▸ **DATASET CONTENT**:

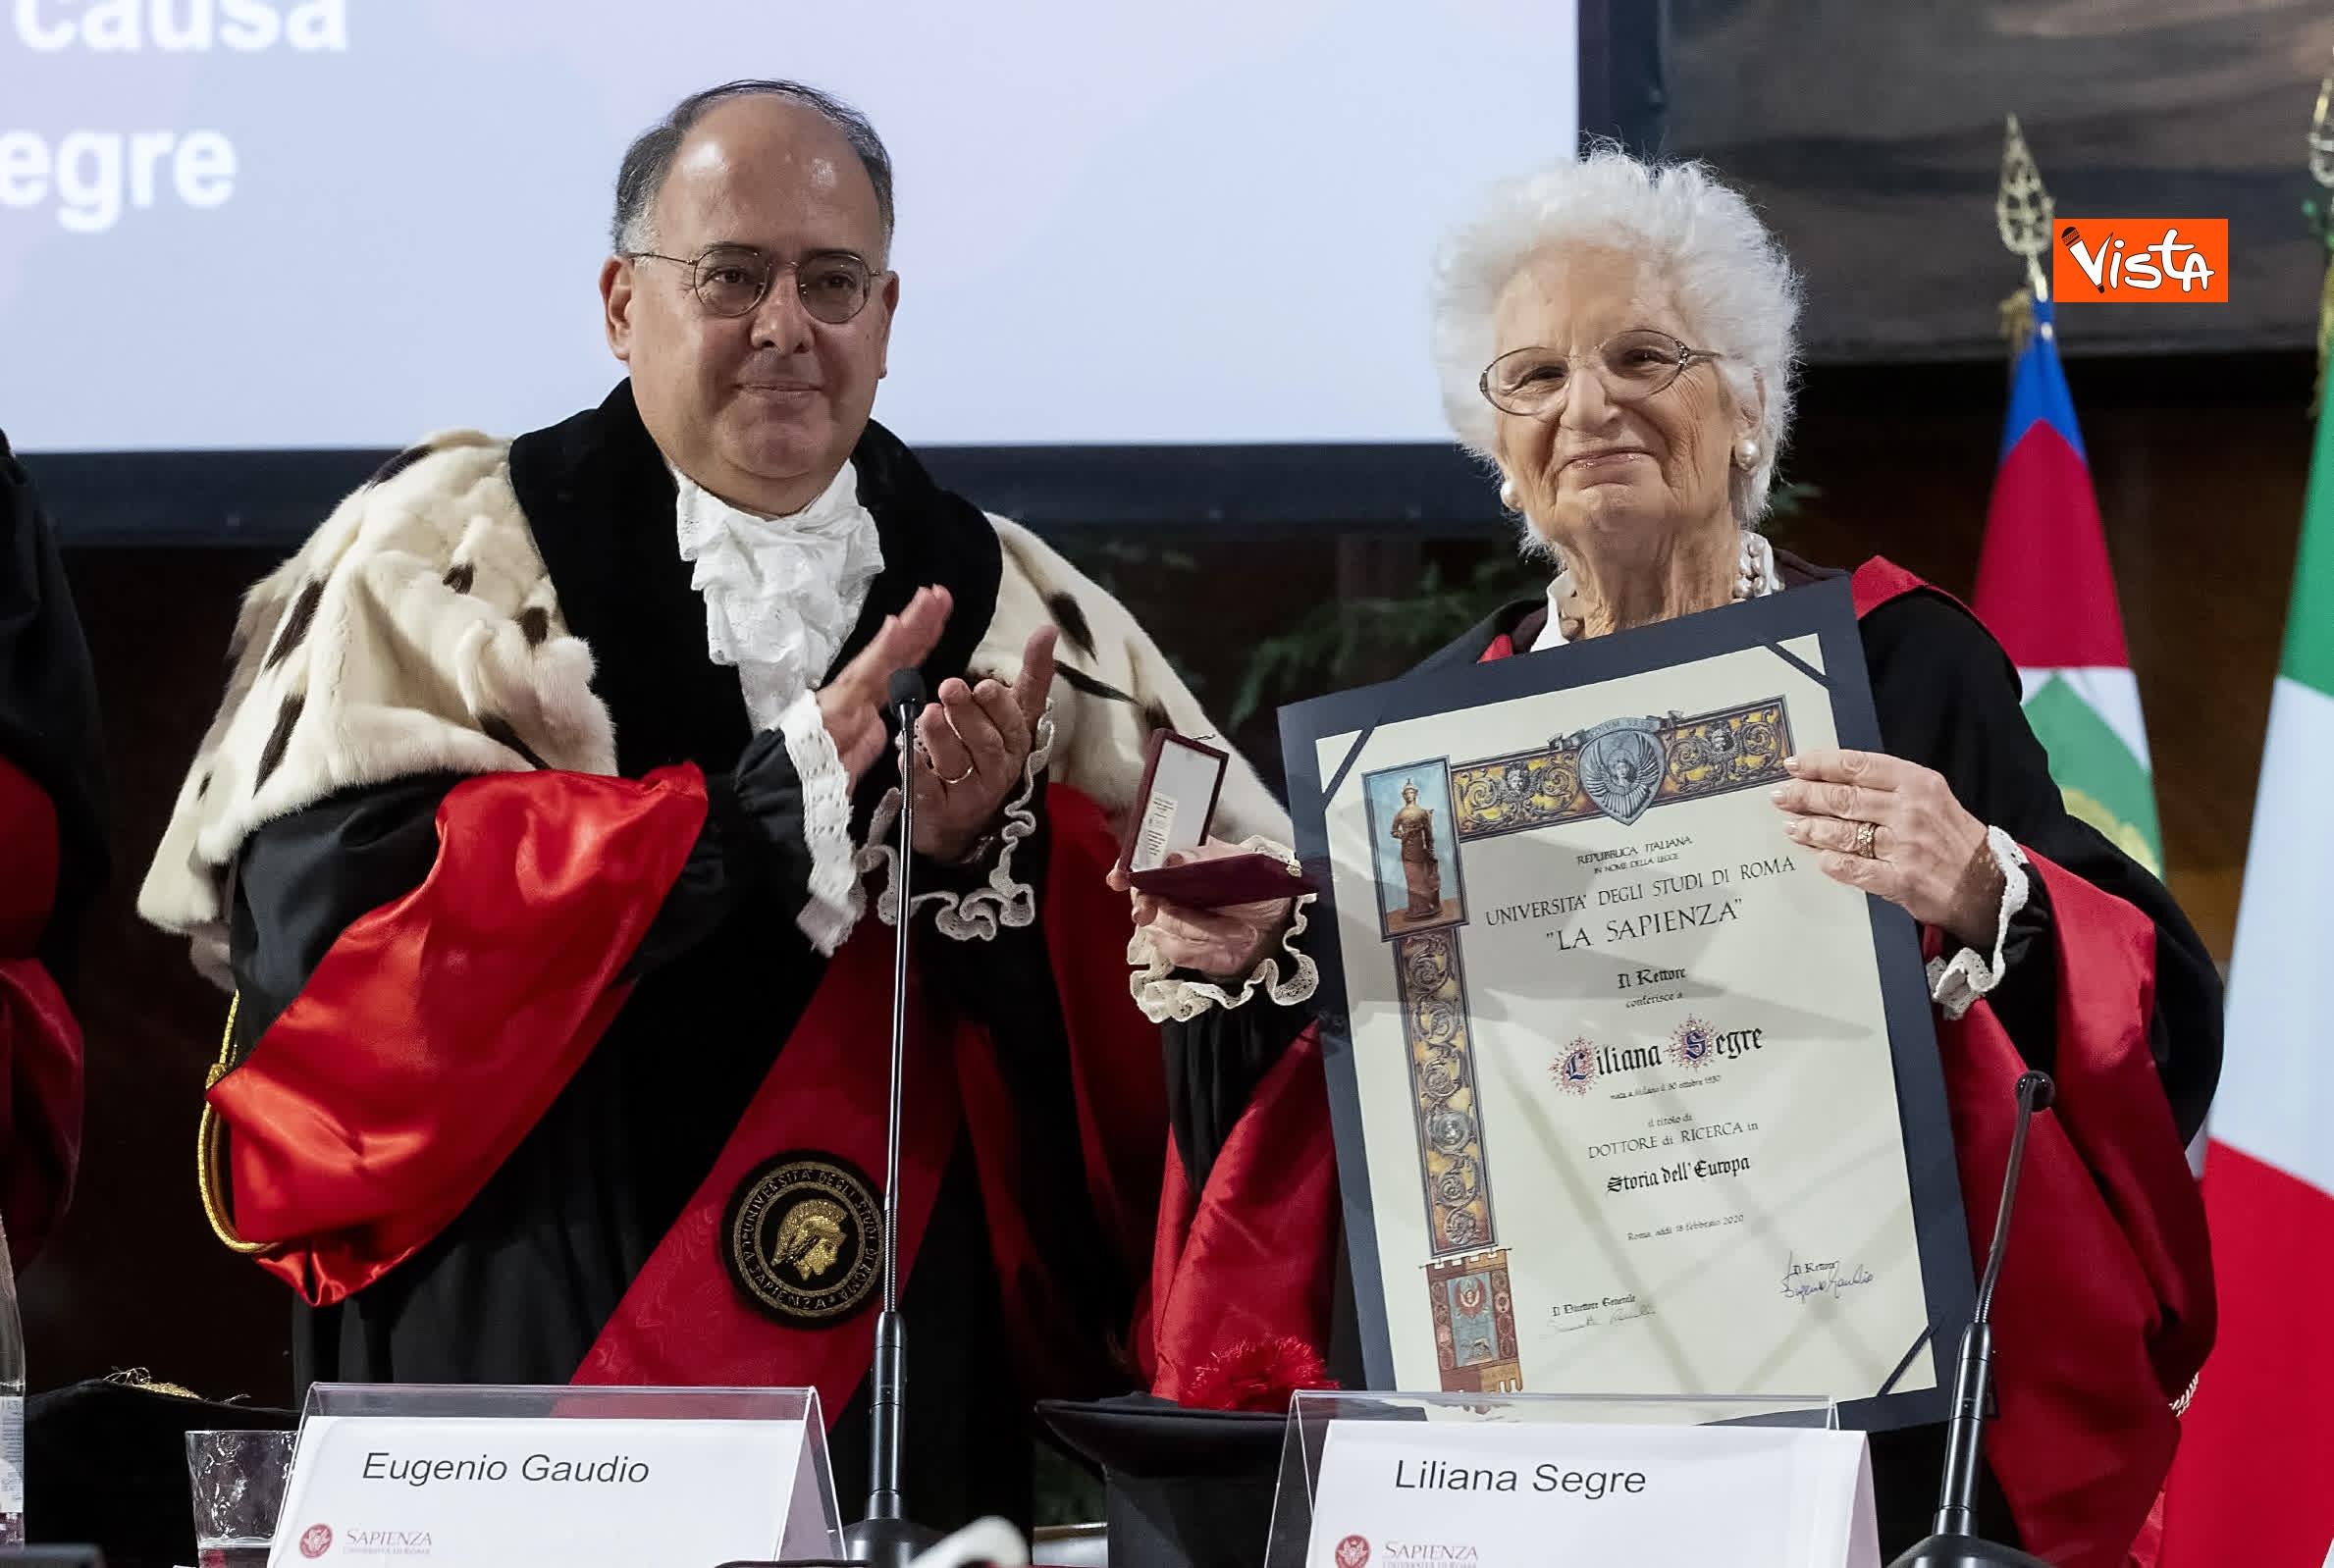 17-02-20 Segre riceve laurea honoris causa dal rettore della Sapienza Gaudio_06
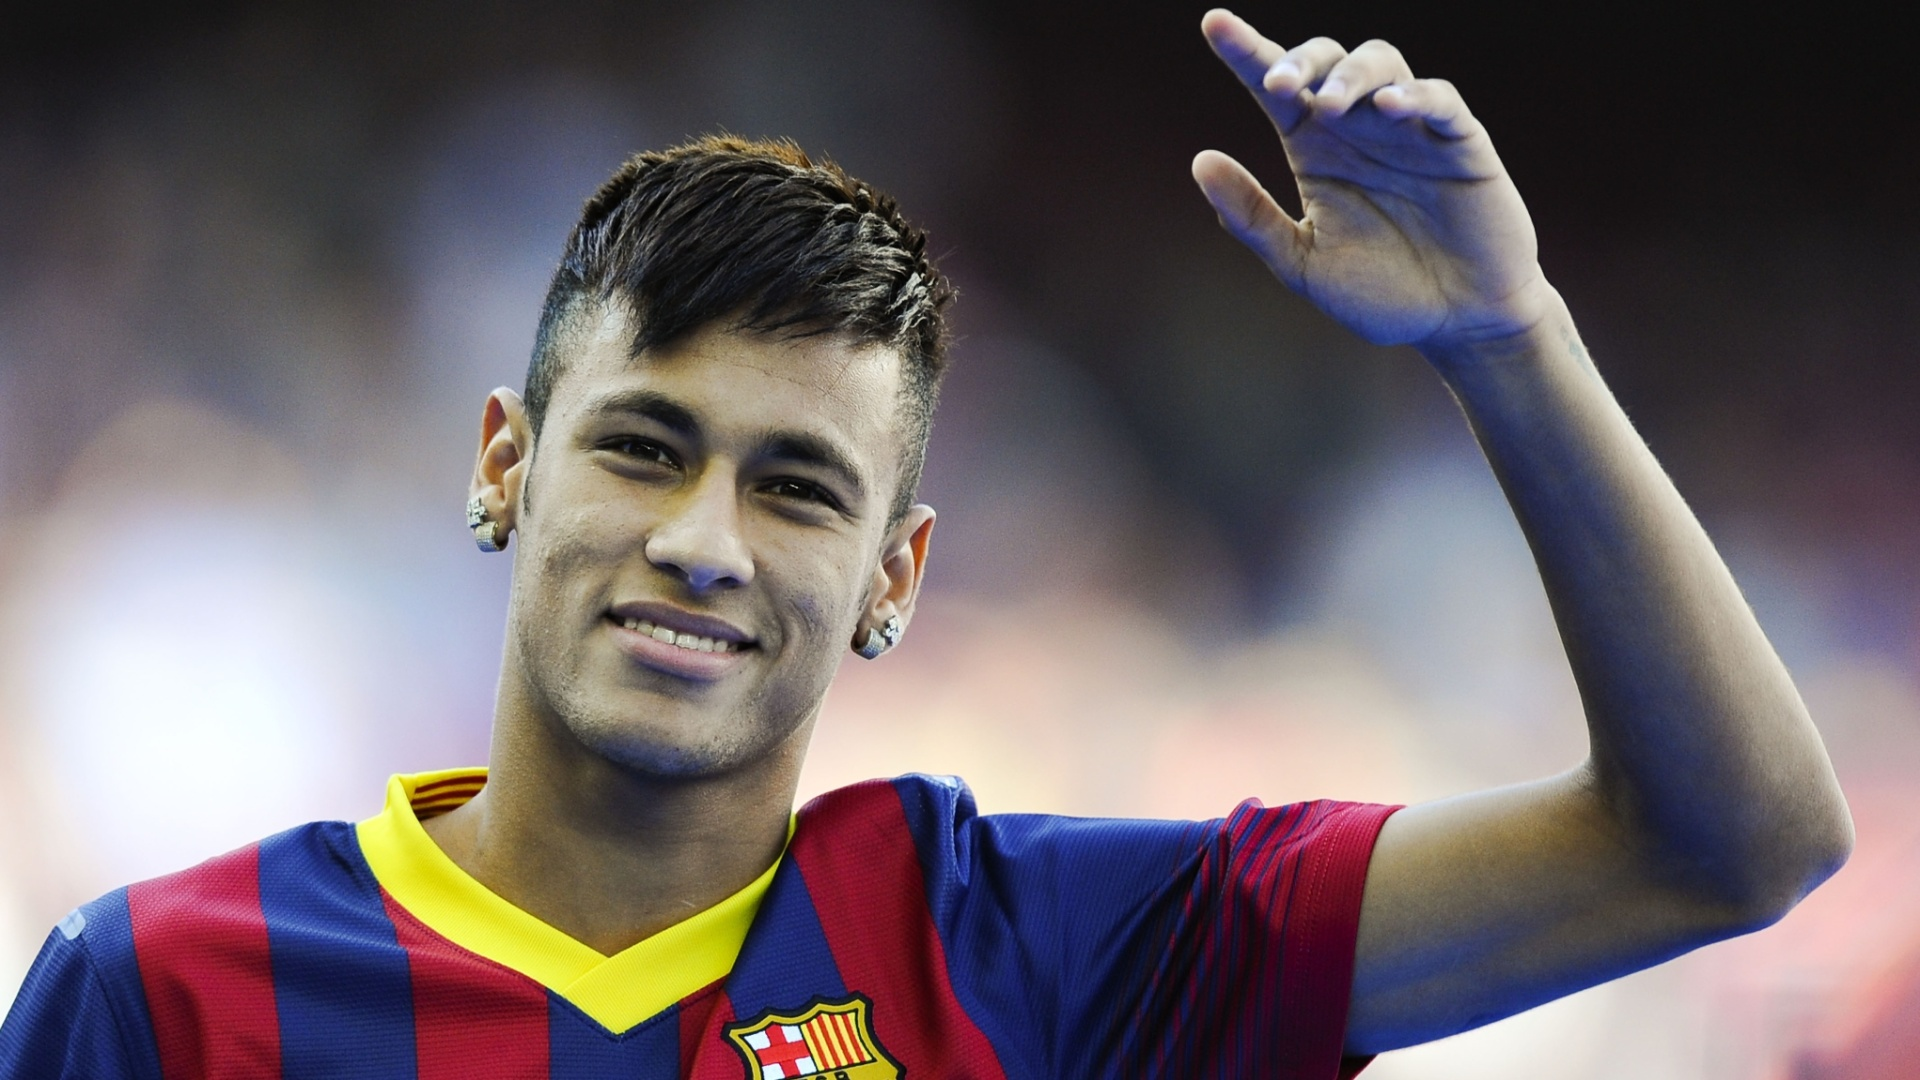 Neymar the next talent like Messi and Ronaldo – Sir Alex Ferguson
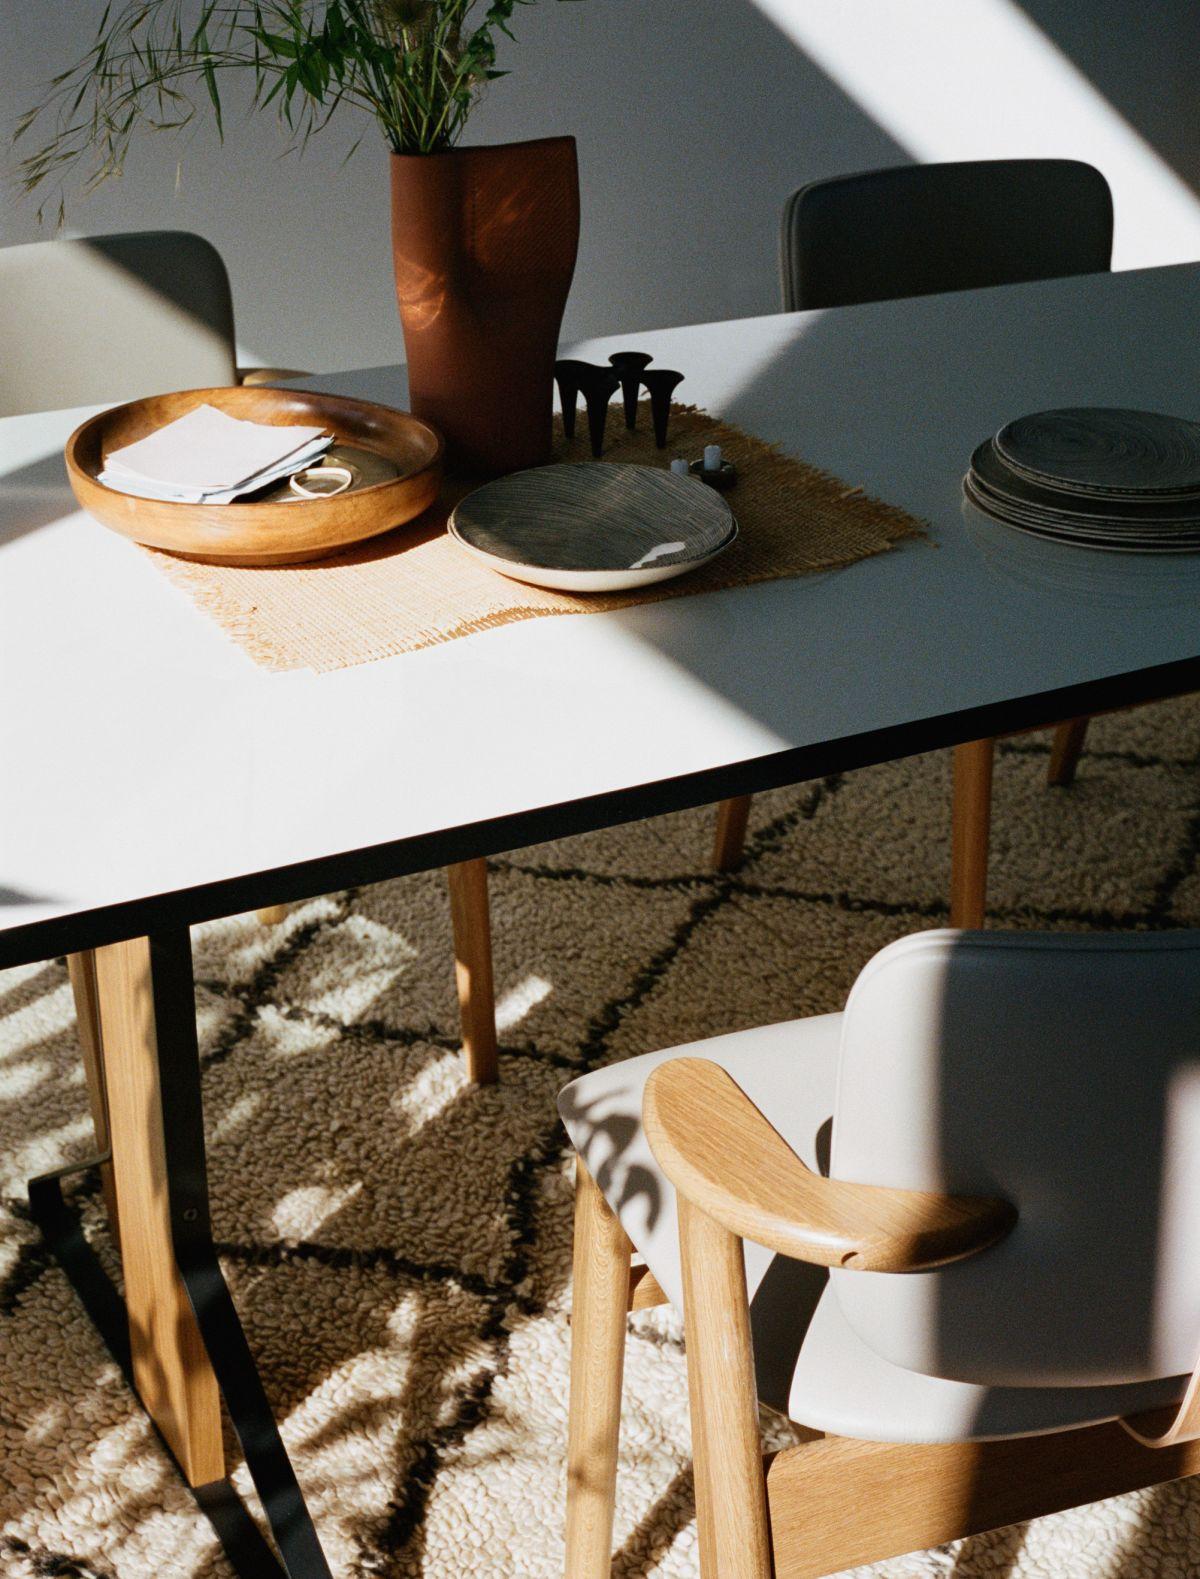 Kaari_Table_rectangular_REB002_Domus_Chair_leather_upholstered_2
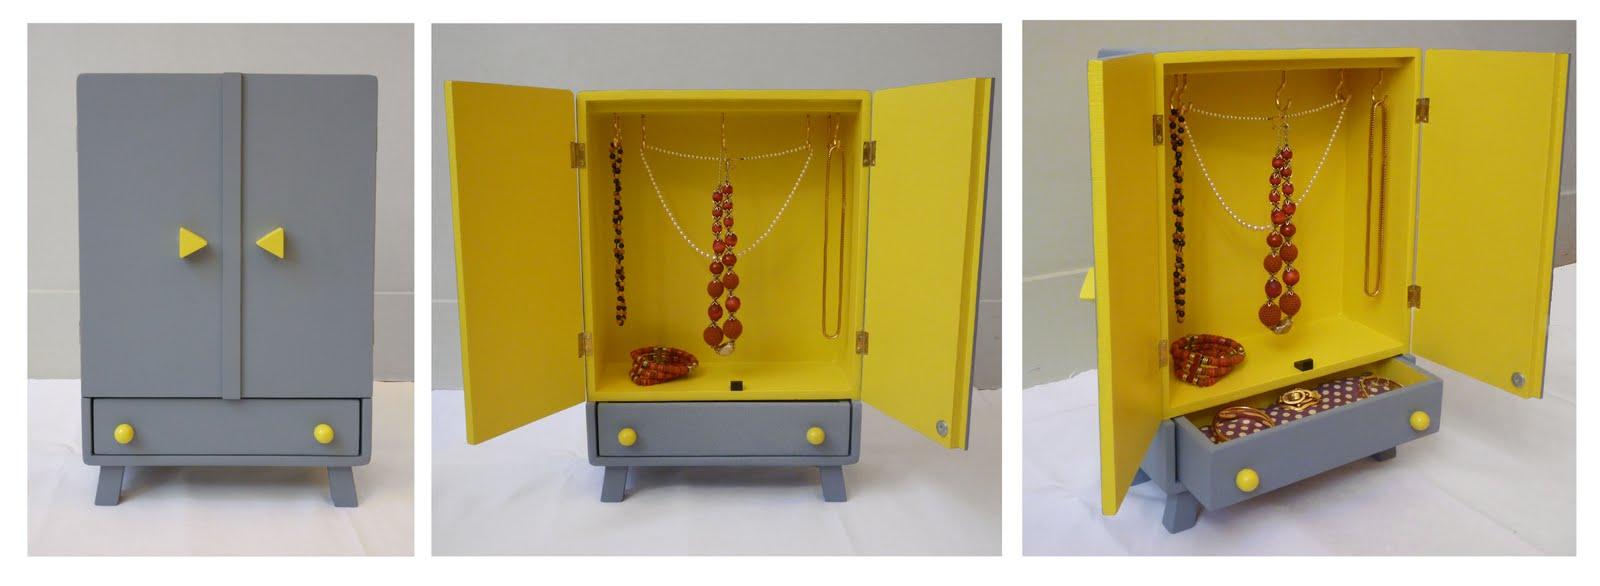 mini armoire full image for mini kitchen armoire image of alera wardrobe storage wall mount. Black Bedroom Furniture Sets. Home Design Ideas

▸ **EXERCISE REQUIREMENTS**: Leaving out all pictures, repeat word for word the lines from the one containing "Neymar the next" through the final line of the material above.

▸ **ANSWER SECTION**:
 Neymar the next talent like Messi and Ronaldo – Sir Alex Ferguson
 Kaari_Table_rectangular_REB002_Domus_Chair_leather_upholstered_2
 mini armoire full image for mini kitchen armoire image of alera wardrobe storage wall mount. Black Bedroom Furniture Sets. Home Design Ideas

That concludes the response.